Танкист сделал шаг к Бессонову, прохрипел:
– Товарищ командующий… всей жизнью, кровью… кровью искуплю… – Он потер руками грудь, чтобы протолкнуть в легкие воздух. – В первый и последний раз… А не оправдаю… расстреляйте. Только поверьте. Сам в лоб пулю пущу!..
Бессонов, не дослушав, взмахом руки остановил его:
– Достаточно! Немедленно в танк – и вперед! Откуда сумели вырваться! А если еще раз подумаете об этом «вырваться», пойдете под суд как трус и паникер! Немедленно вперед!
Бессонов захромал к машине, и ему показалось, что в возникшем движении за спиной послышались истерически задавленный всхлип смеха, задохнувшееся «спасибо», нелепое, бессмысленное, неприятное, как и этот животный смех, словно он, Бессонов, в силу какой-то извращенной прихоти имел право отнимать и дарить жизнь, а даря, приносил неудержимое счастье другим.
«Что-то не так во мне, не так, как хотел бы… Этого не должно быть, – подумал Бессонов уже в машине, вытягивая к мотору ногу. – Я хотел бы, чтобы было иначе. Но как? Я вызвал страх, покорность перед страхом? Или этот танкист раскаивался искренне?»
Шофер, впопыхах докуривая, так затягивался толстой самокруткой, что трещала махорка, разлетались искры, жаром подсвечивали усы, виновато сказал Бессонову:
– Извините, товарищ генерал, надымил я…
Он включил мотор. Веснин молча влезал в машину.
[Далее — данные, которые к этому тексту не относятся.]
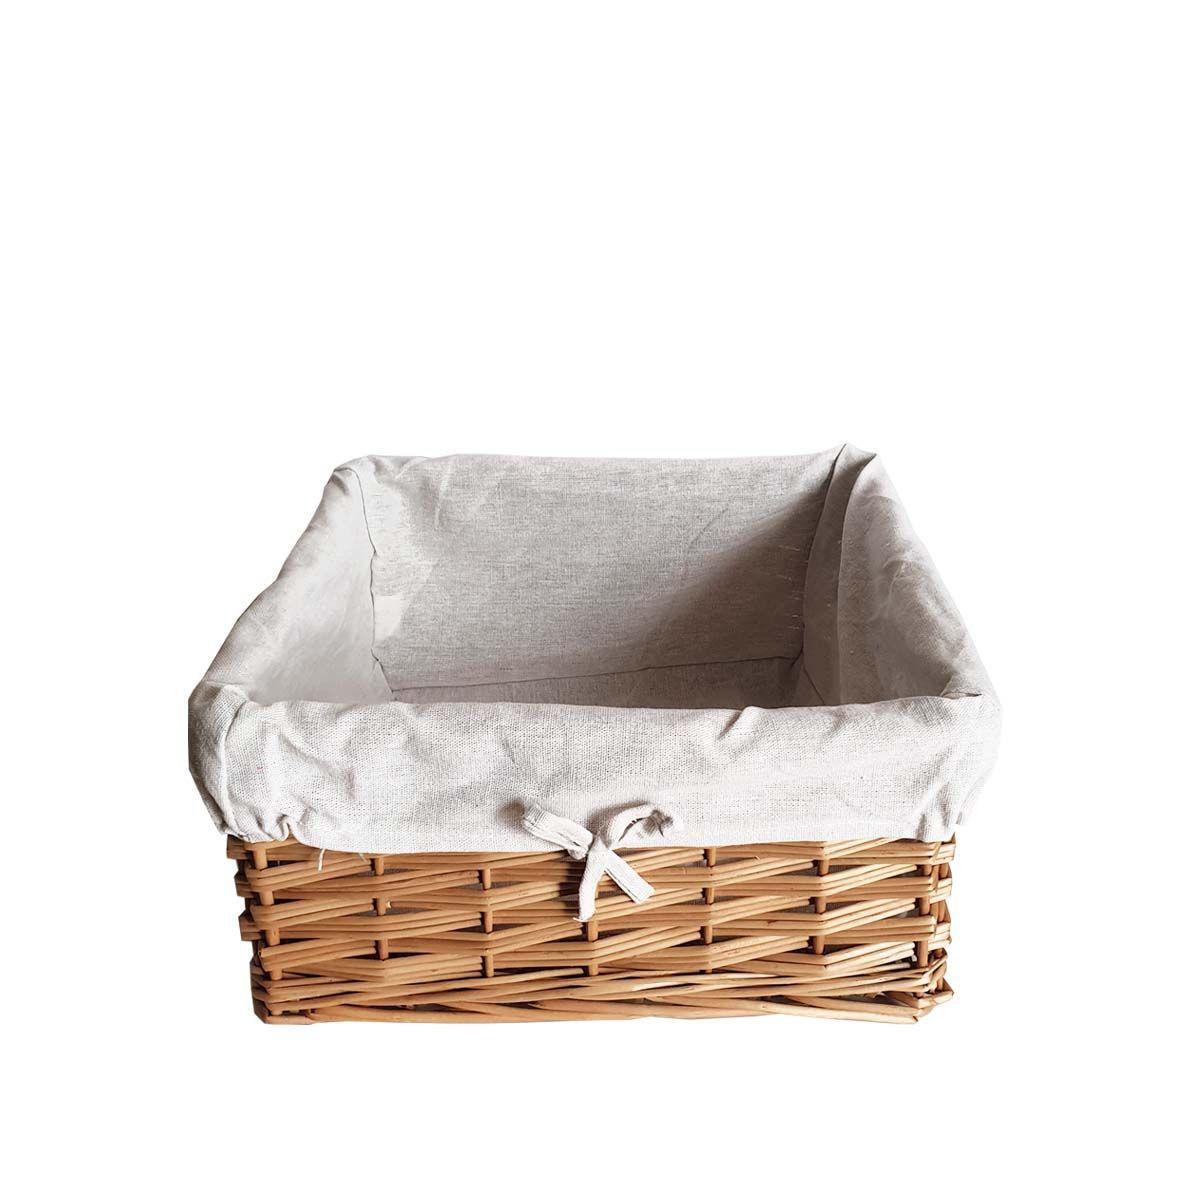 Panier de rangement carré en osier avec tissu - 35 x 35

– Курите, – брезгливо разрешил Бессонов, – если терпеть не можете. Майора Божичко захватим на мосту. Поехали.
– Что у вас за махорка, Игнатьев? Дайте-ка мне попробовать. «Вырви глаз» небось? Продирает до печенок? – подал голос Веснин, устраиваясь на заднем сиденье.
– Да ежели не побрезгуете, продерет, товарищ член Военного совета, – с охотой ответил шофер. – Возьмите кисетик.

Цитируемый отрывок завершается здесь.